Li, L. L., Sun, H., Hu, Z., Zhou, J., Huang, Y.-C., Huang, H., et al. (2021). In Situ/Operando Capturing Unusual Ir⁶⁺ Facilitating Ultrafast Electrocatalytic Water Oxidation. Advanced Functional Materials, 31(43): 2104746, pp. 1-8. doi:10.1002/adfm.202104746.

Cite as: https://hdl.handle.net/21.11116/0000-0009-1FC7-5

Abstract

Identifying real active sites and understanding the mechanism of oxygen evolution reaction (OER) are still a big challenge today for developing efficient electrochemical catalysts in renewable energy technologies. Here, using a combined in situ/operando experiments and theory, the catalytic mechanism of the ordered OER active Co and Ir ions in Sr2CoIrO6-delta is studied, which exhibits an unprecedented low overpotential 210 mV to achieve 10 mA cm(-2), ranking the highest performance among perovskite-based solid-state catalysts.

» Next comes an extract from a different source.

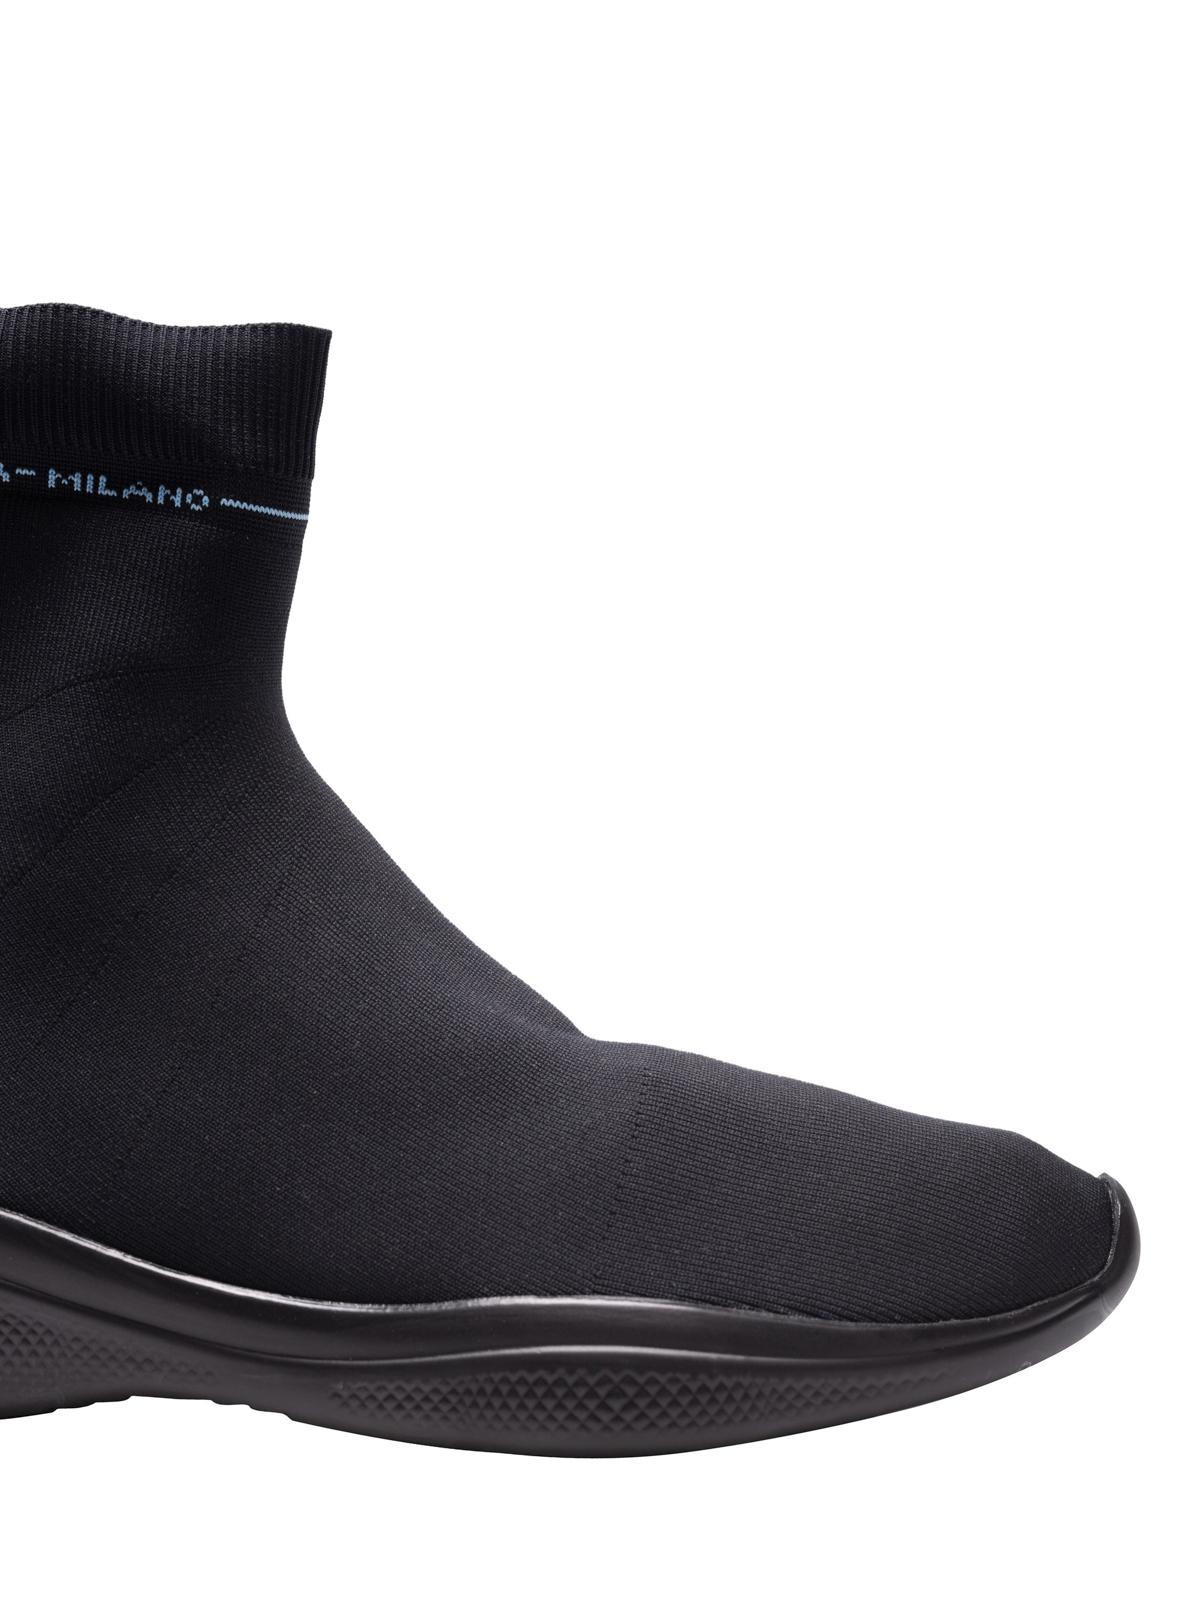 Prada - Black stretch fabric sock slip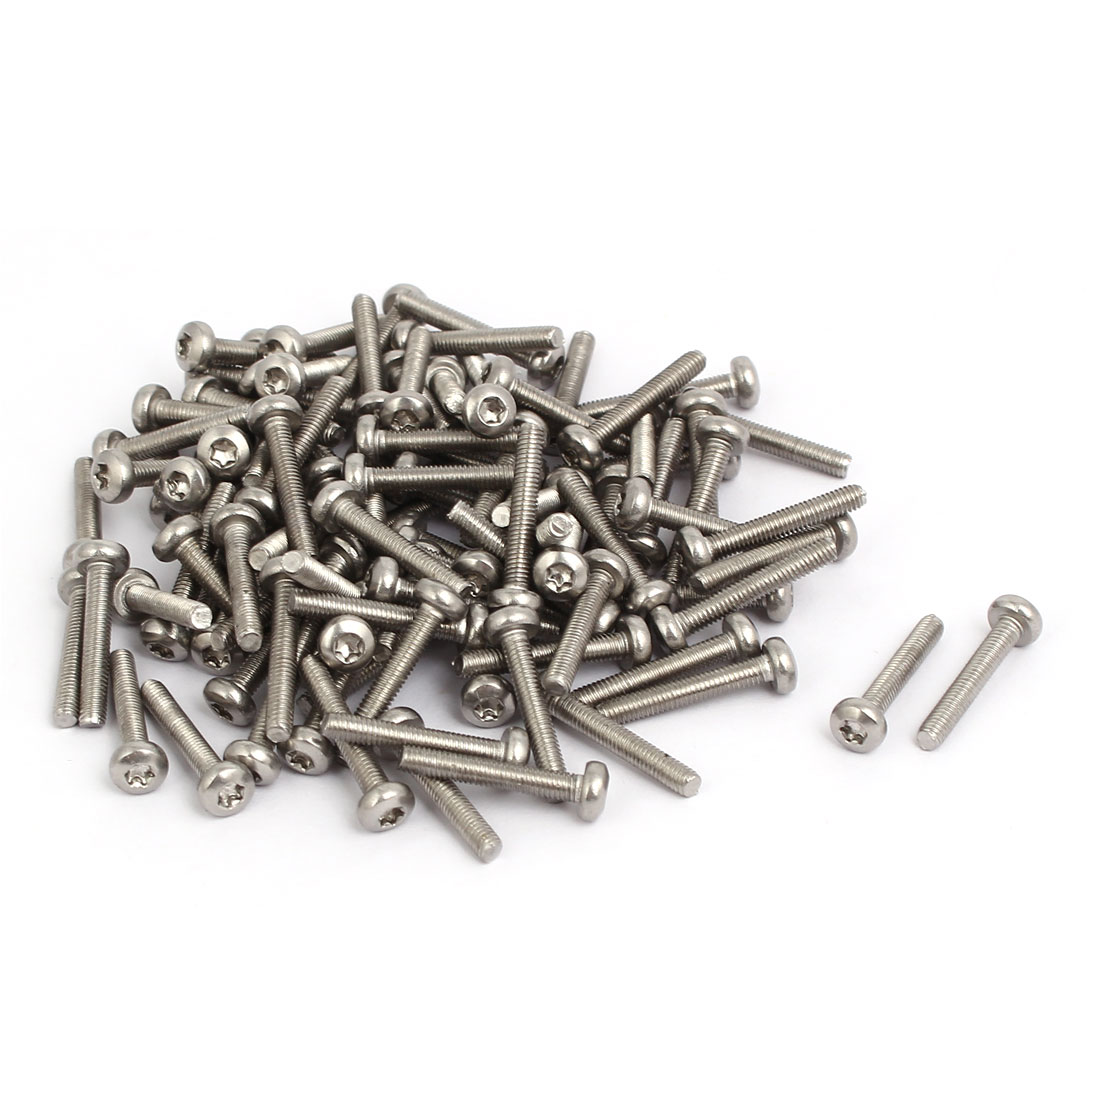 M3x18mm 304 Stainless Steel Button Head Torx Screws Fasteners 100pcs

Operando X-ray absorption spectroscopies as a function of applied voltage indicates that Ir4+ ion is gradually converted into extremely high-valence Ir5+/6+, while the part of Co3+ ion is transferred into Co4+ under OER process. Density functional theory calculations explicitly reveal the order Co-O-Ir network as an origin of ultrahigh OER activity. The work opens a promising path to overcome the sluggish kinetics of OER bottleneck for water splitting via proper arrangements of the multi-active sites in catalyst.